Even being on break to spend time with her family and have her baby wasn’t easy for Mirza. During this year’s ICC Cricket World Cup, someone from Twitter’s more toxic corners questioned whether she was a good mother because she was spotted out with the Pakistan cricket team in the middle of their World Cup campaign, instead of sitting at home and taking care of her son. We met after the ensuing social media storm, and she told me how she had only stepped out to have some dinner with her husband and his teammates, but the media decided to go berserk. A picture that was taken a couple of days before the game against India was circulated a day before the match, and Mirza was made out to be the villain of the piece for “distracting” her husband. Of course, she dismissed it all with a simple laugh – but it’s clear that it’s not easy being Sania Mirza.

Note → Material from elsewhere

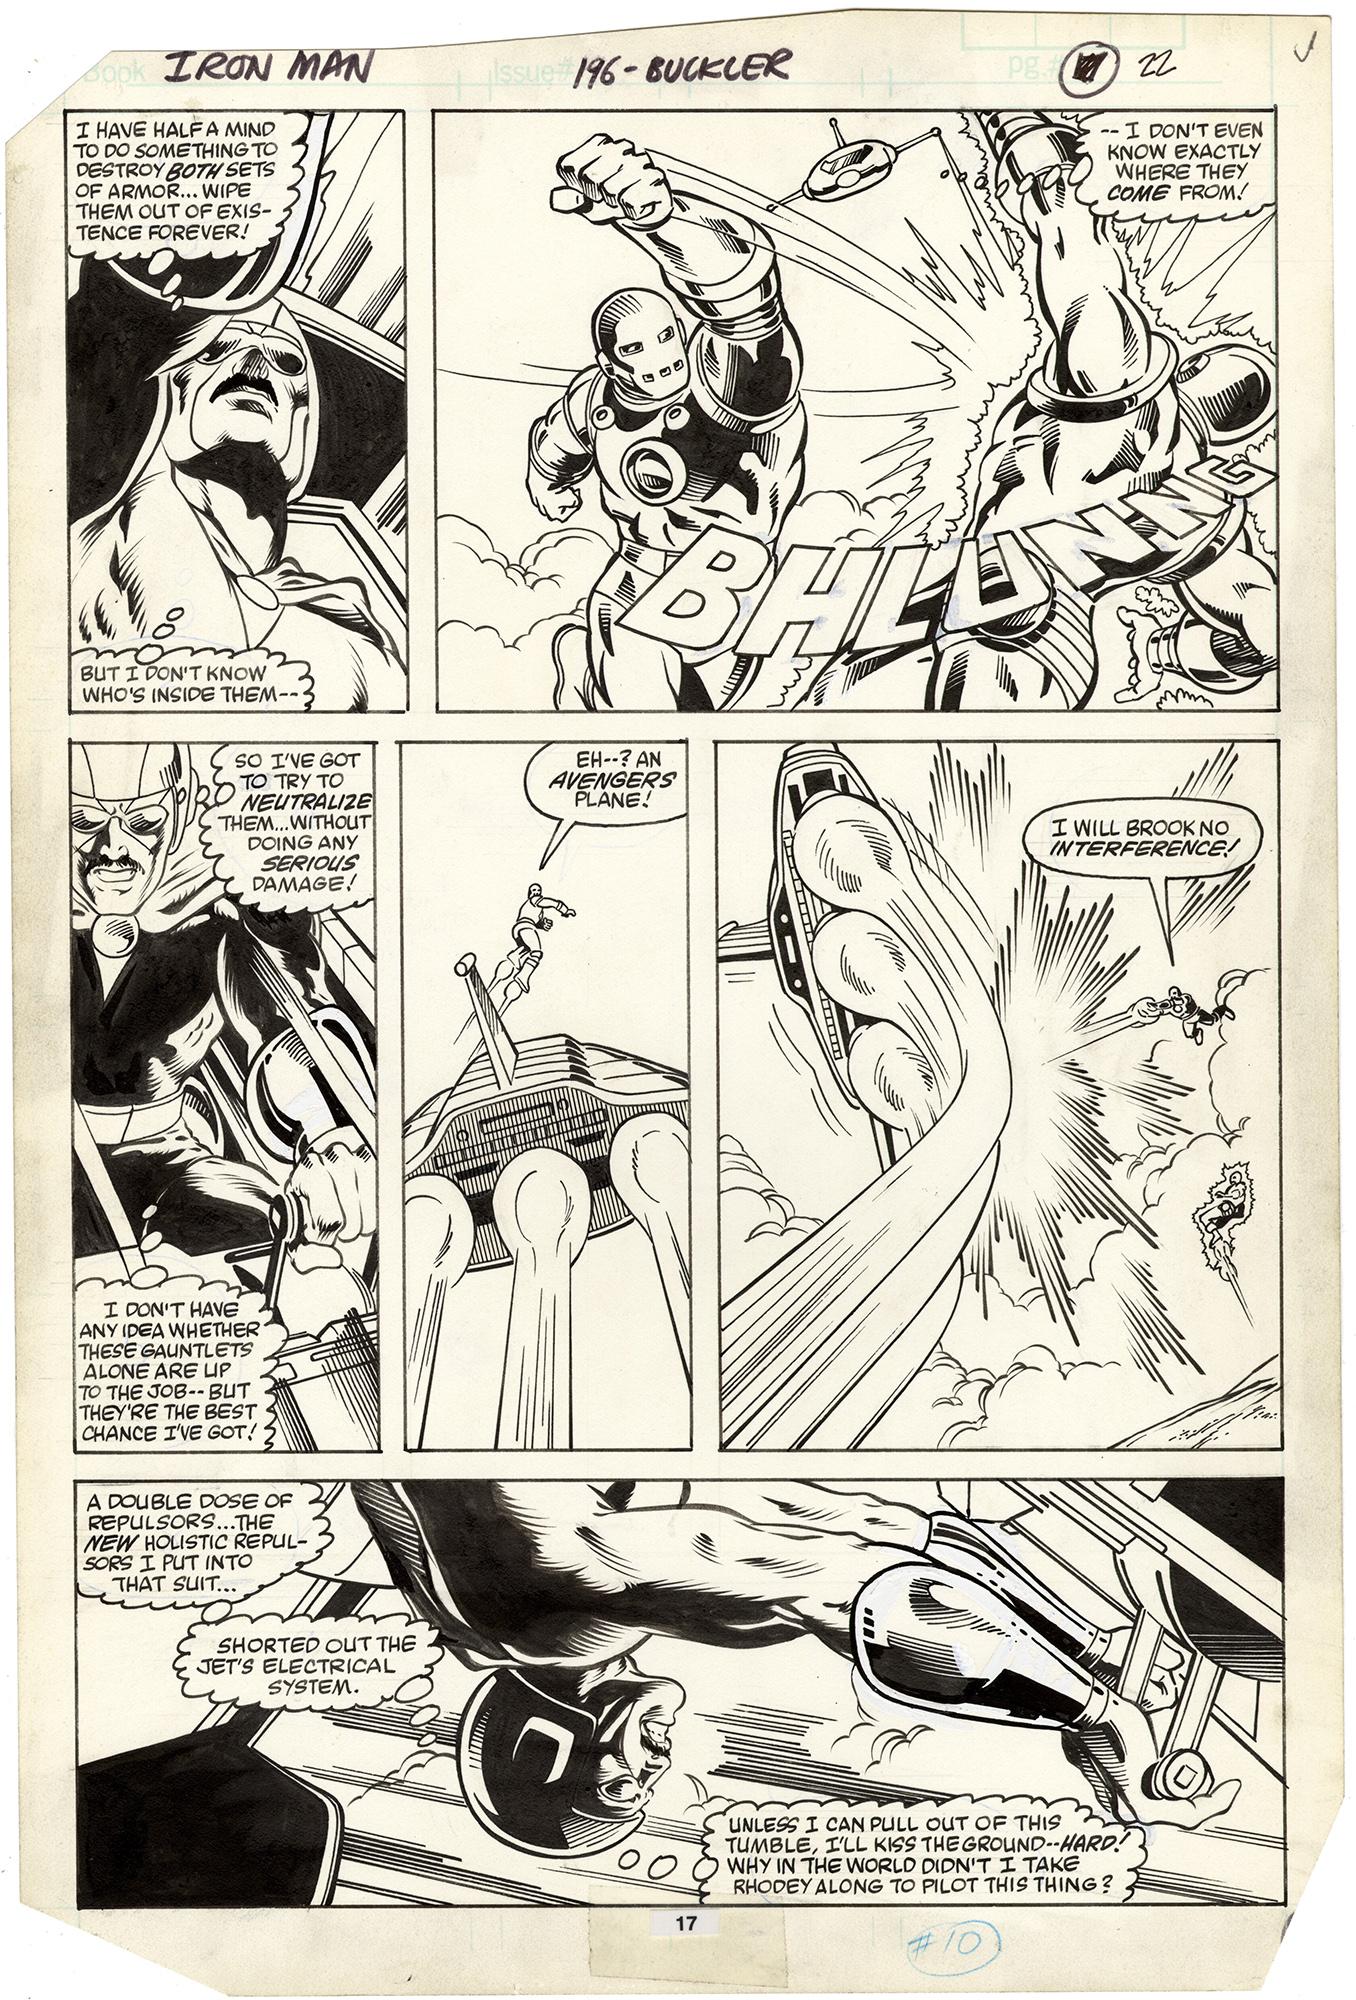 Iron Man #196 p17

We’d give anything to be her in the glorious times. When she lifted the Wimbledon Junior Girls Doubles Title way back in 2003; when she won seven Grand Slam titles; when she represented India at the Olympics; when she became World No 1 in the women’s doubles ranking. But while some superstars are fortunate enough to be loved unconditionally, that never applied to Sania Mirza. If you want to be her, you will be trolled for the clothes you wear, the man you love, where you go, or why you lost a final, despite it all. And with a comeback on the cards, it is only going to get more difficult. It’s a tough job, and it needs a tough person to do it. Luckily, that person is Sania Mirza.